[Task requirements]:
Using the material below, print a verbatim copy of every line from the one containing "ENEVAP_prosklisi_apokriatiko_party_low" through the one containing "2021年度 岡山校 生徒募集!!", inclusive, and omit the pictures.

[Data listing]:
• • • • •

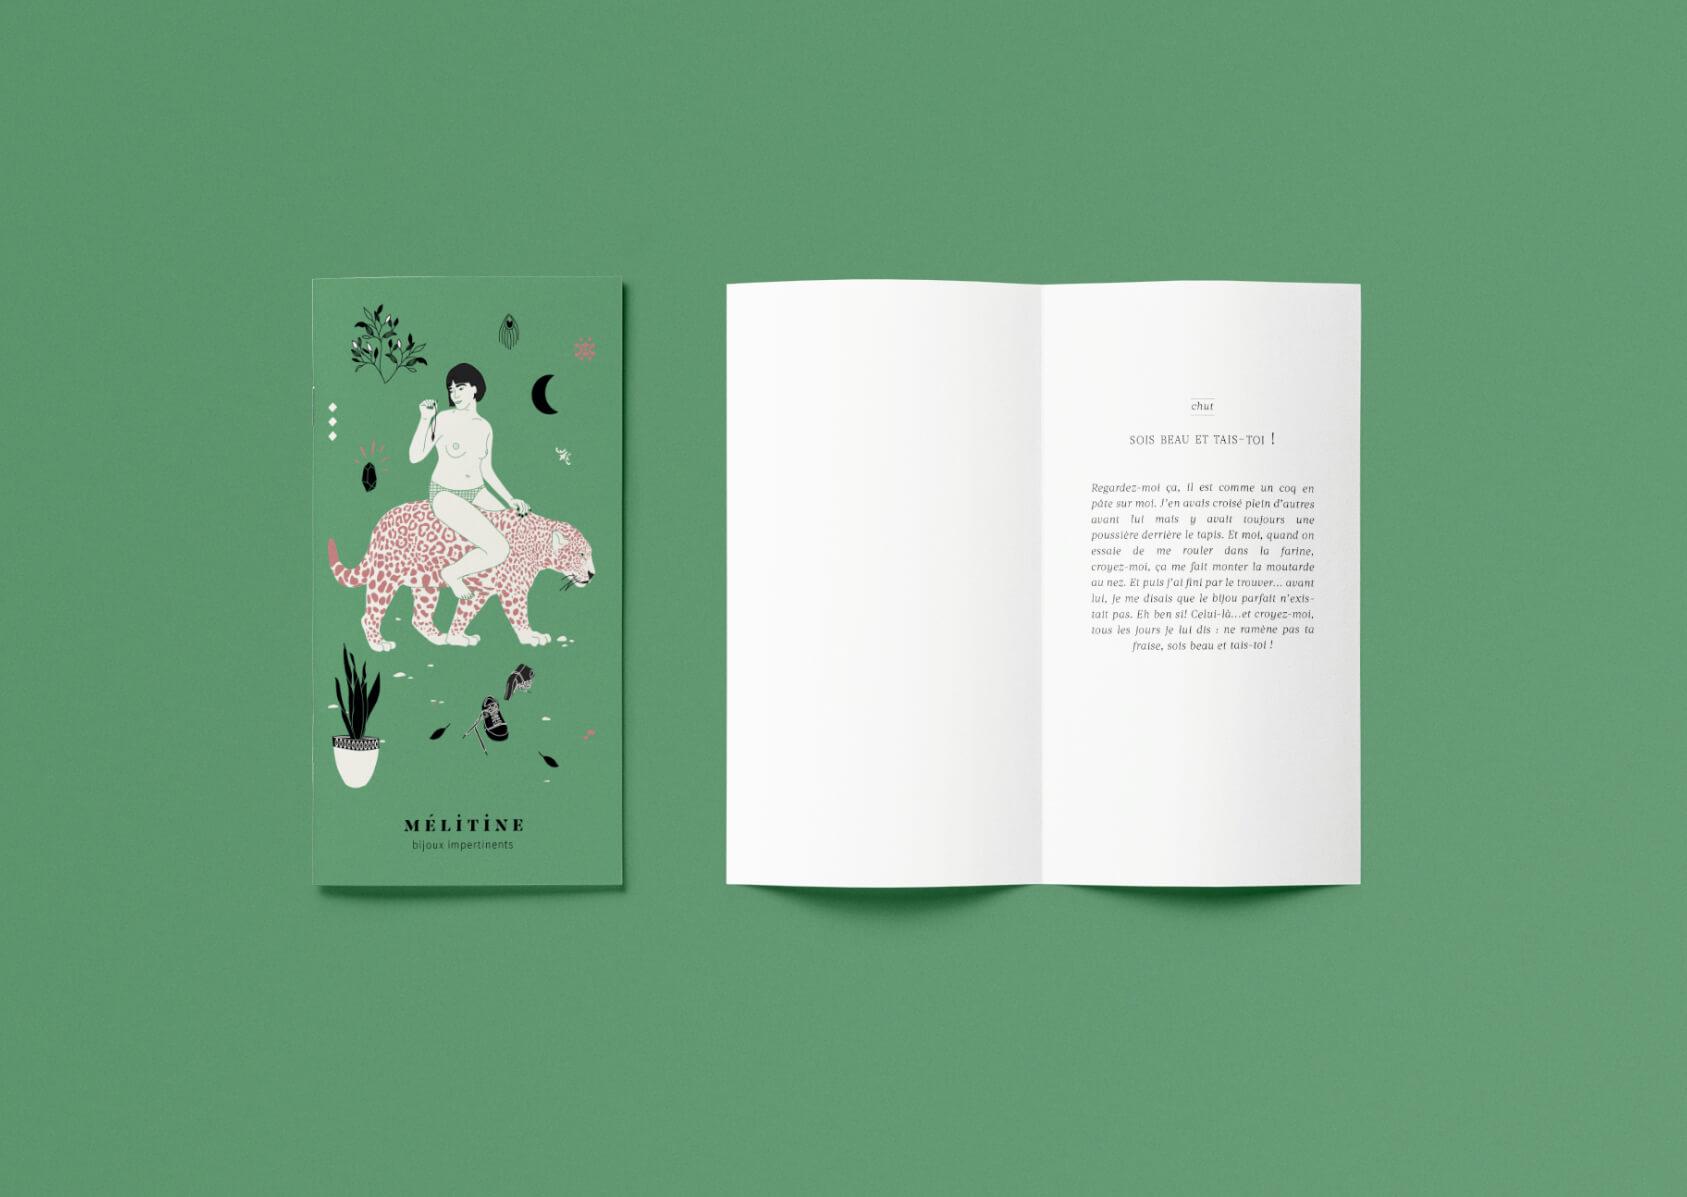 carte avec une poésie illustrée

• • • • •

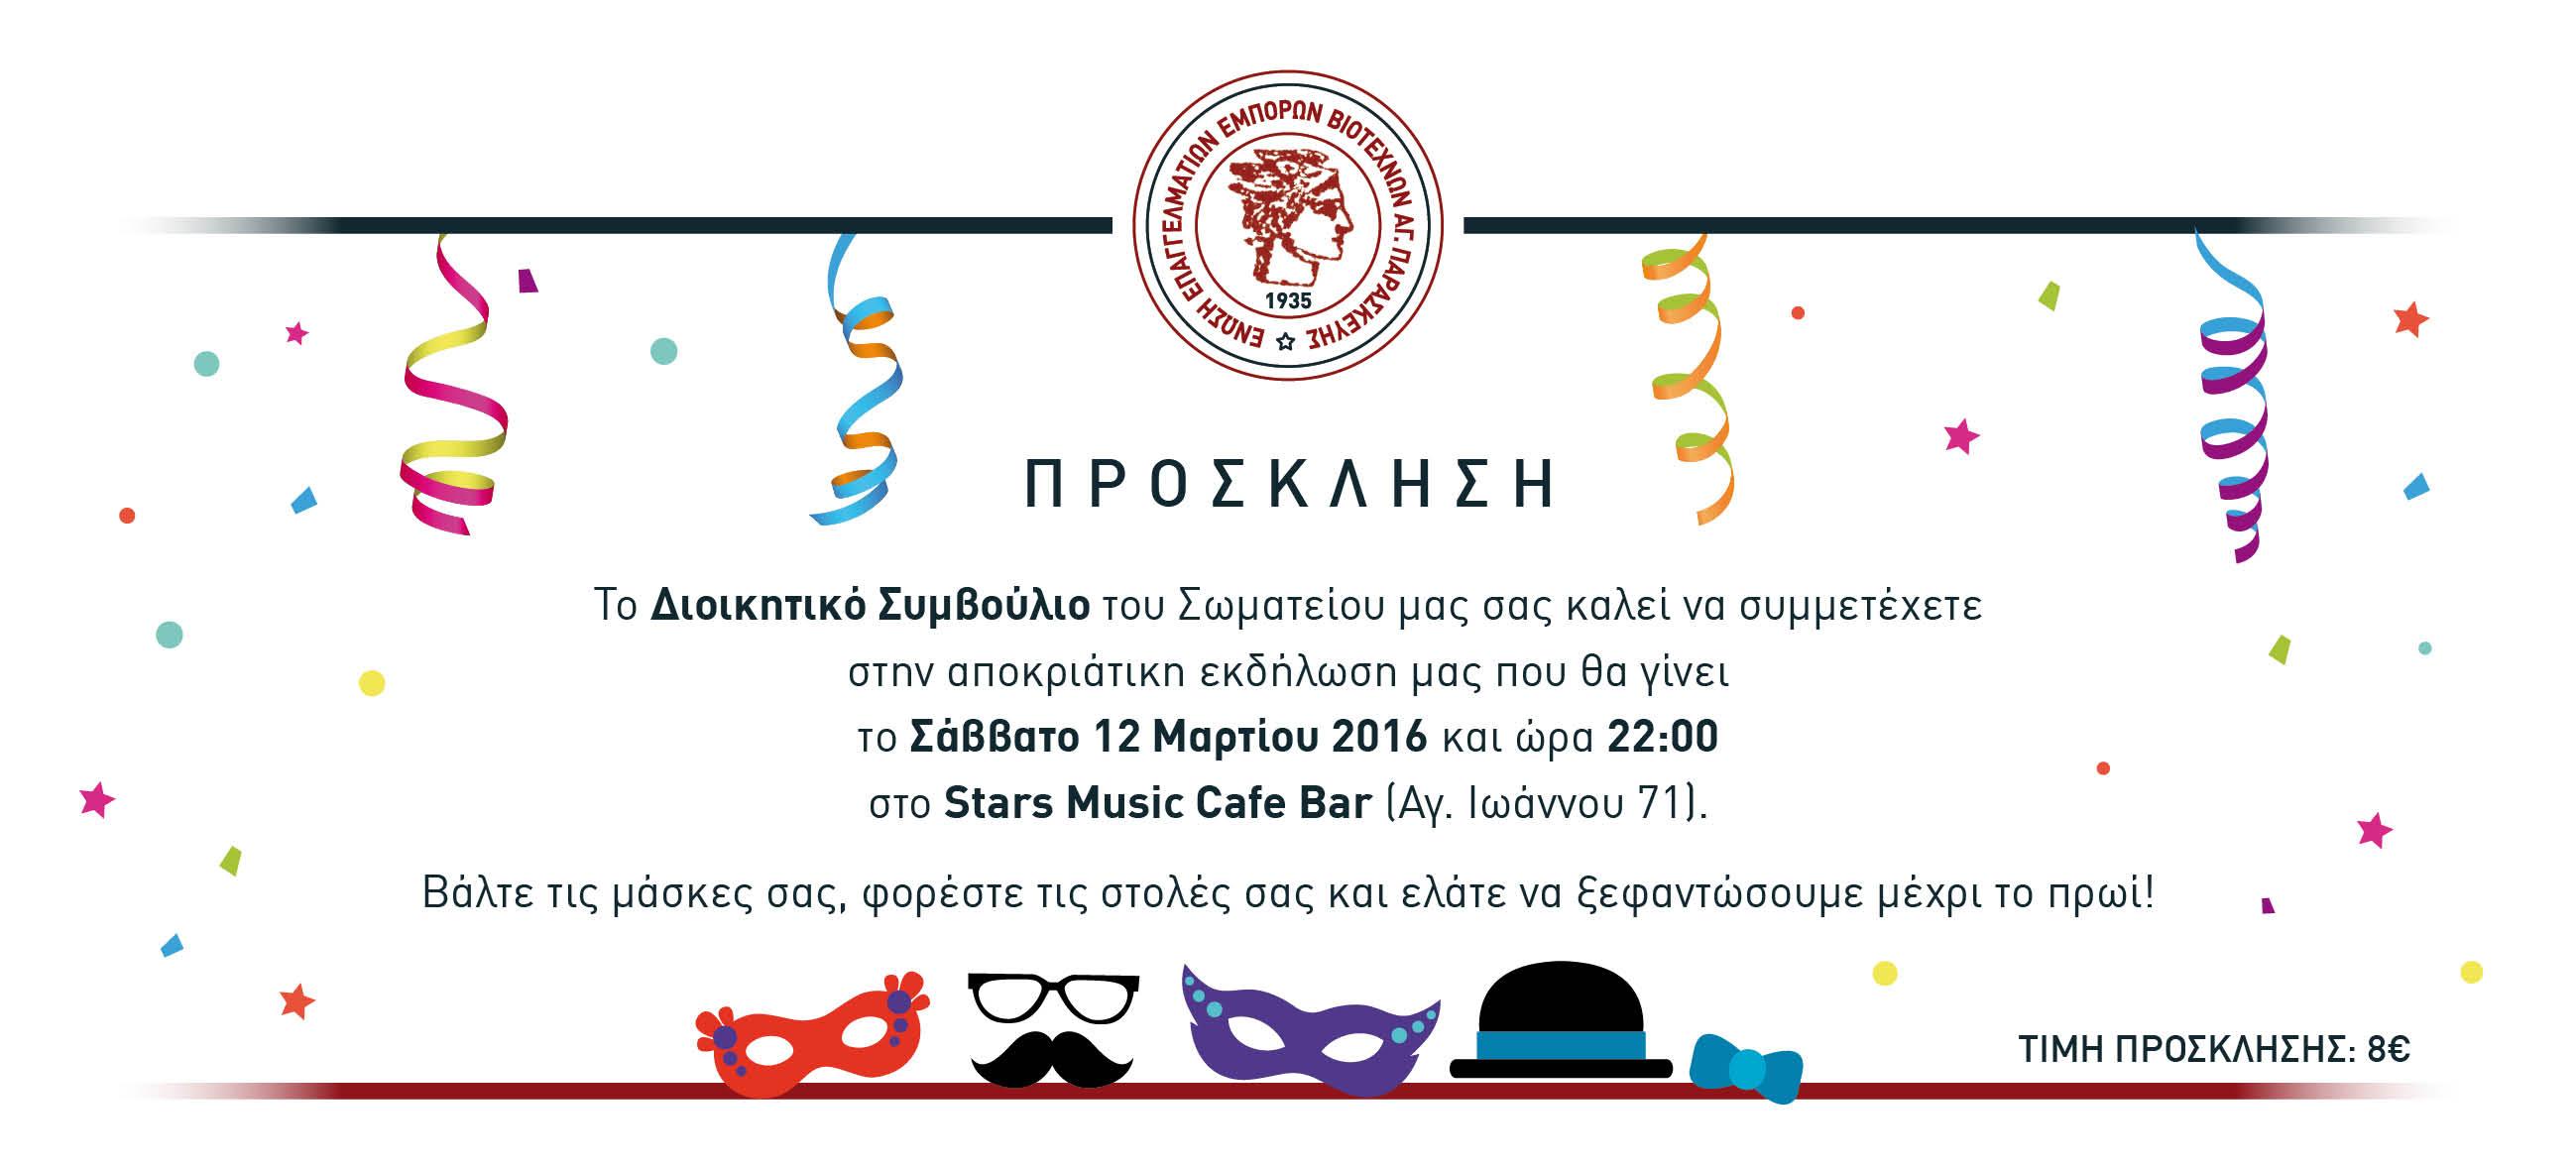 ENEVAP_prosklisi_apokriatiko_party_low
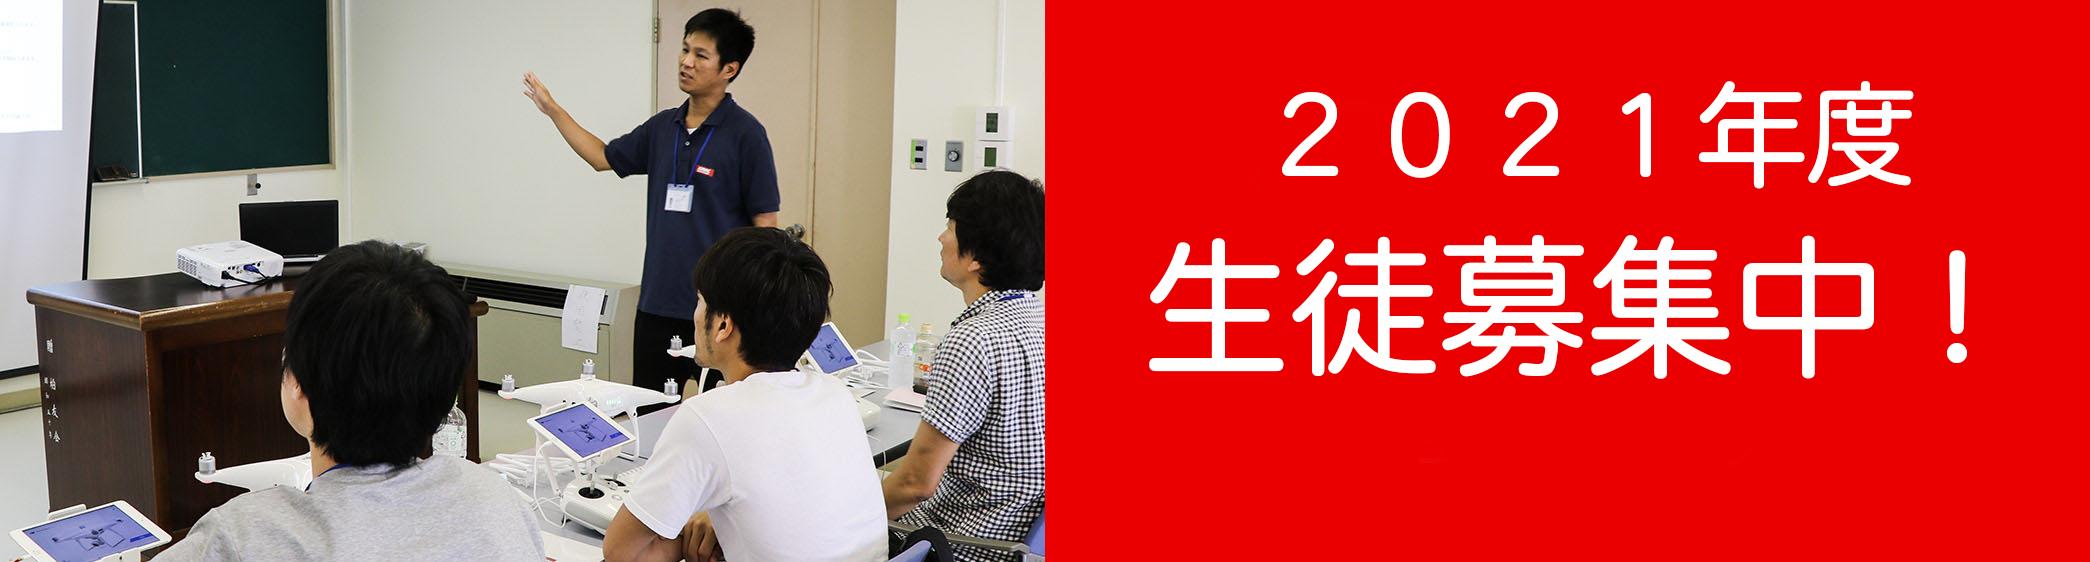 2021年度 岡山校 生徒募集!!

• • • • •

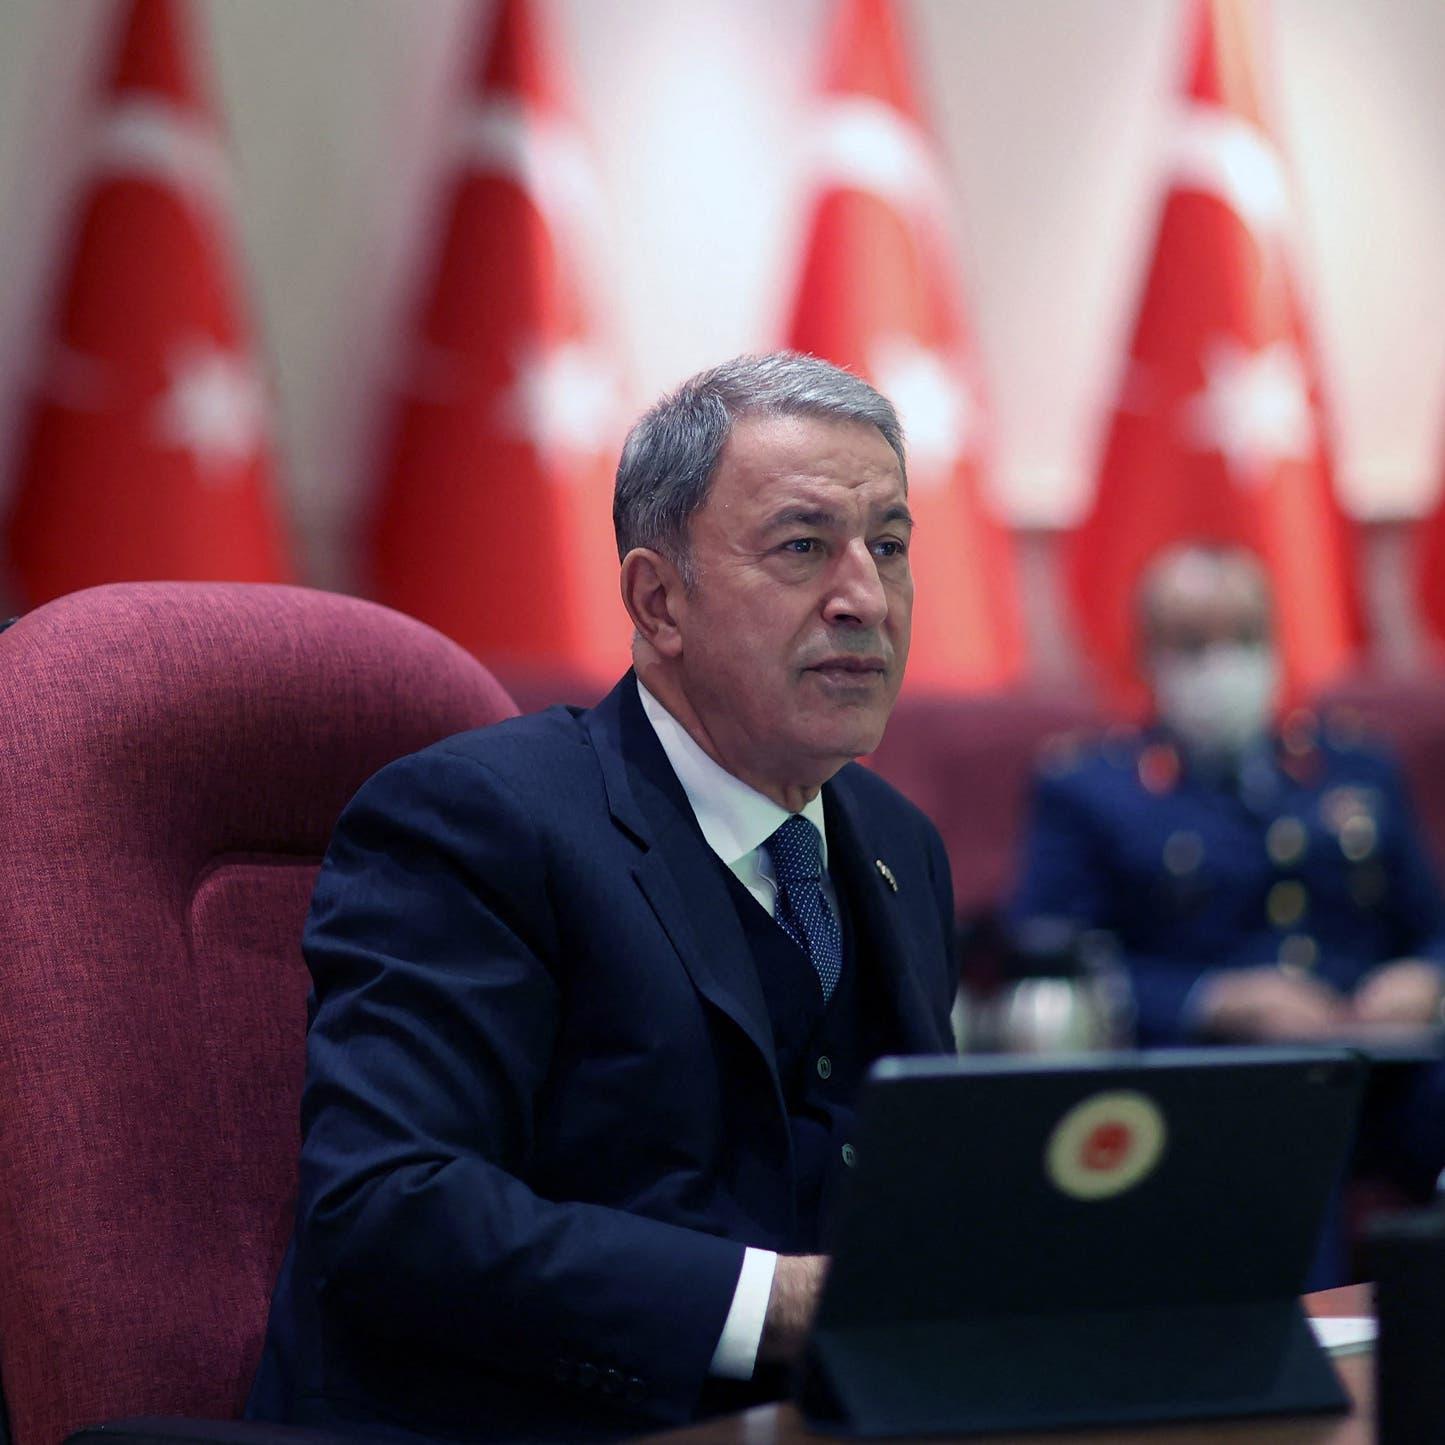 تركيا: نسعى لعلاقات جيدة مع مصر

• • • • •

[Output for this exercise]:
 ENEVAP_prosklisi_apokriatiko_party_low
 2021年度 岡山校 生徒募集!!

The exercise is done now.